**Data in this exercise**
========================

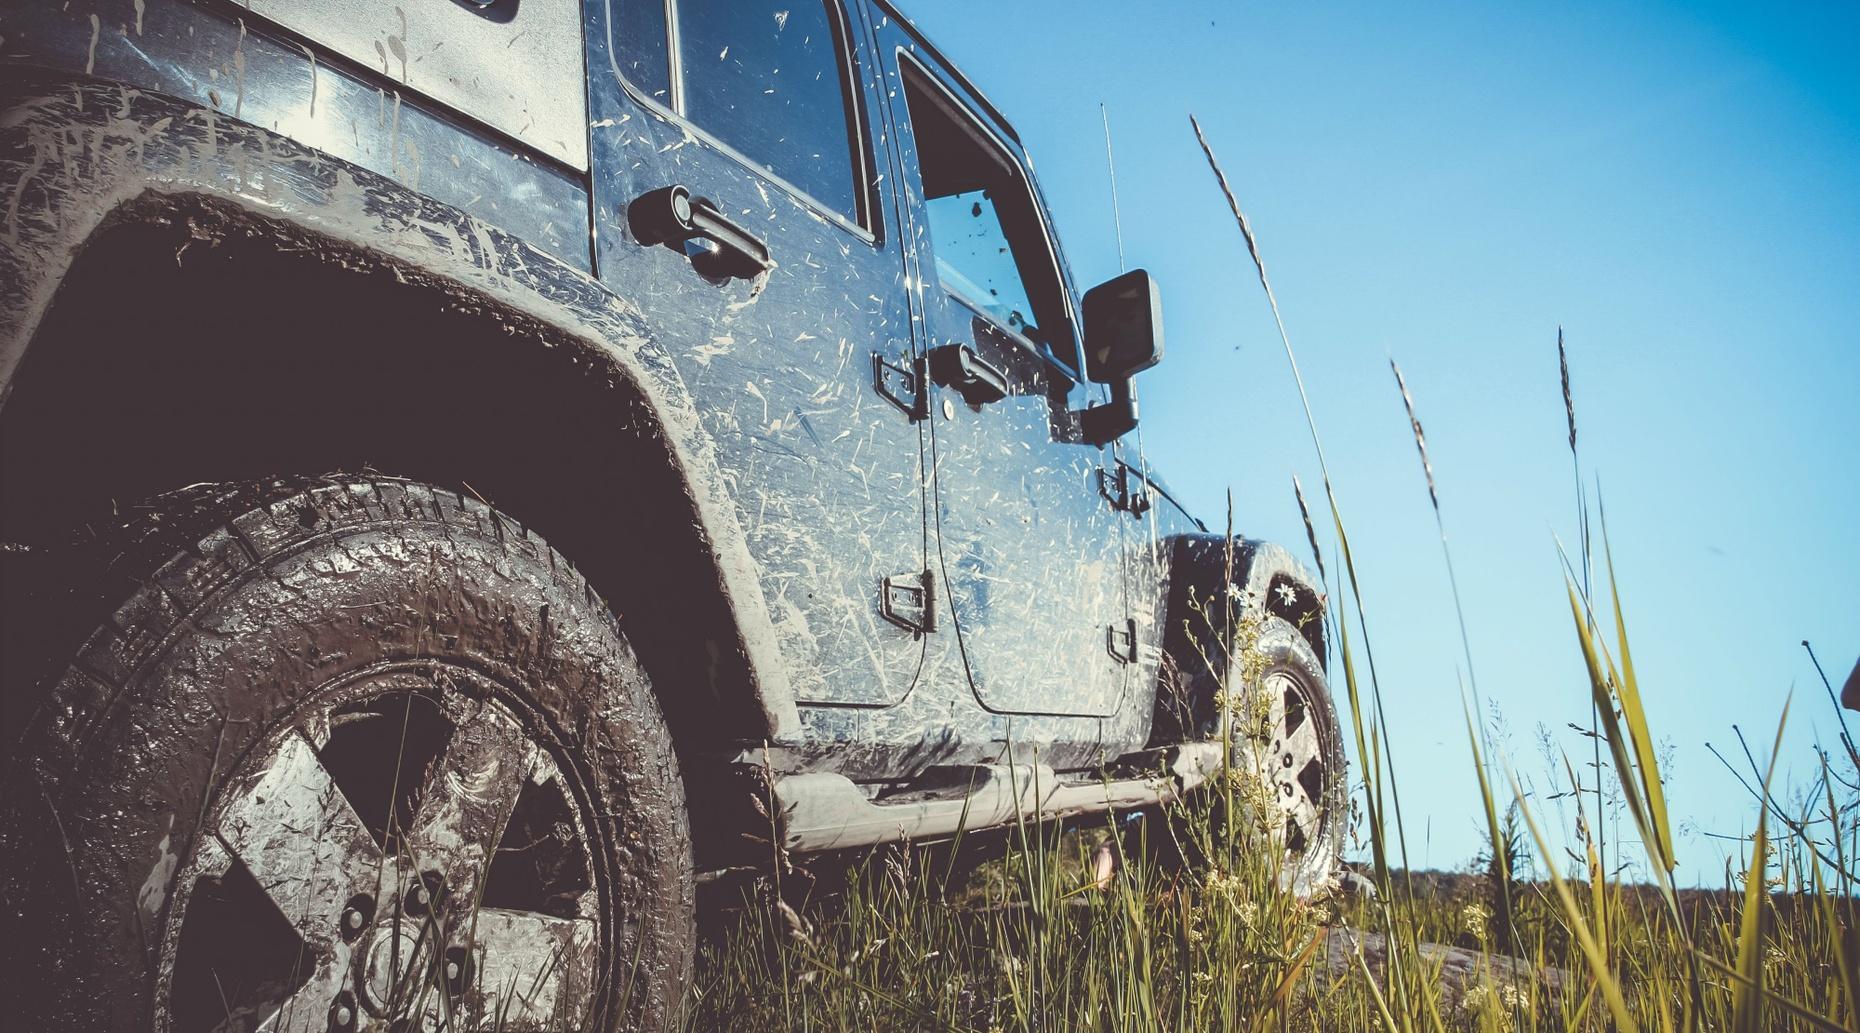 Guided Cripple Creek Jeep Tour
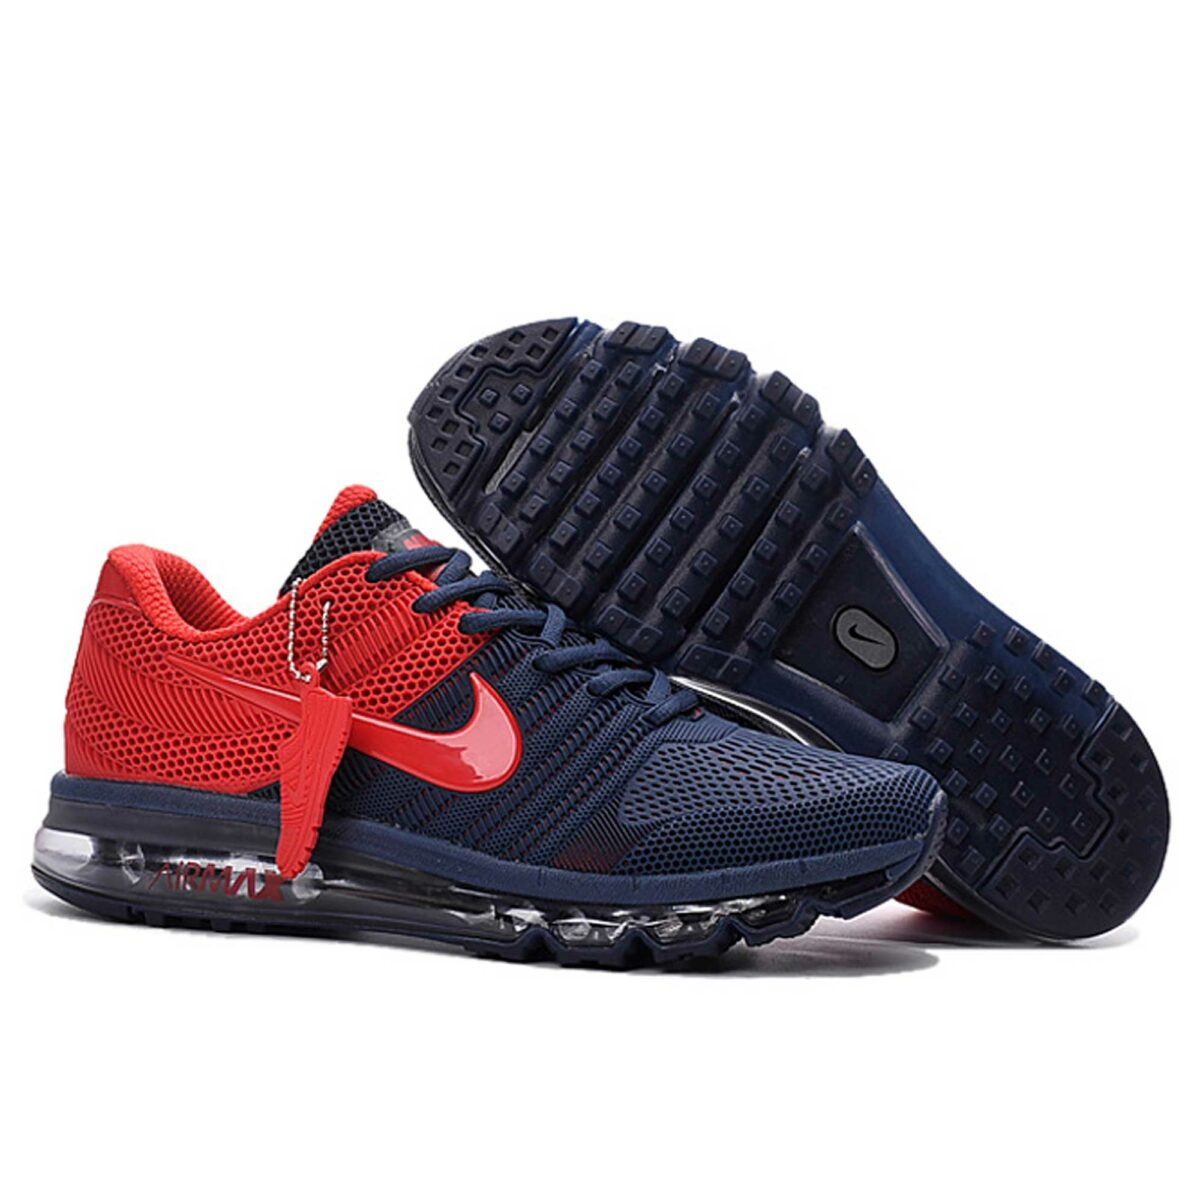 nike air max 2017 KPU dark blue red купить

========================

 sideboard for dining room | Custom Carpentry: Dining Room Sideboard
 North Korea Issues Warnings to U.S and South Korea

========================

Find the line with "Guided Cripple Creek Jeep Tour" in the data above, and from there retype each line exactly through the line with "nike air max 2017 KPU dark blue red купить", skipping the pictures along the way.

**Answer to this exercise**
 Guided Cripple Creek Jeep Tour
 nike air max 2017 KPU dark blue red купить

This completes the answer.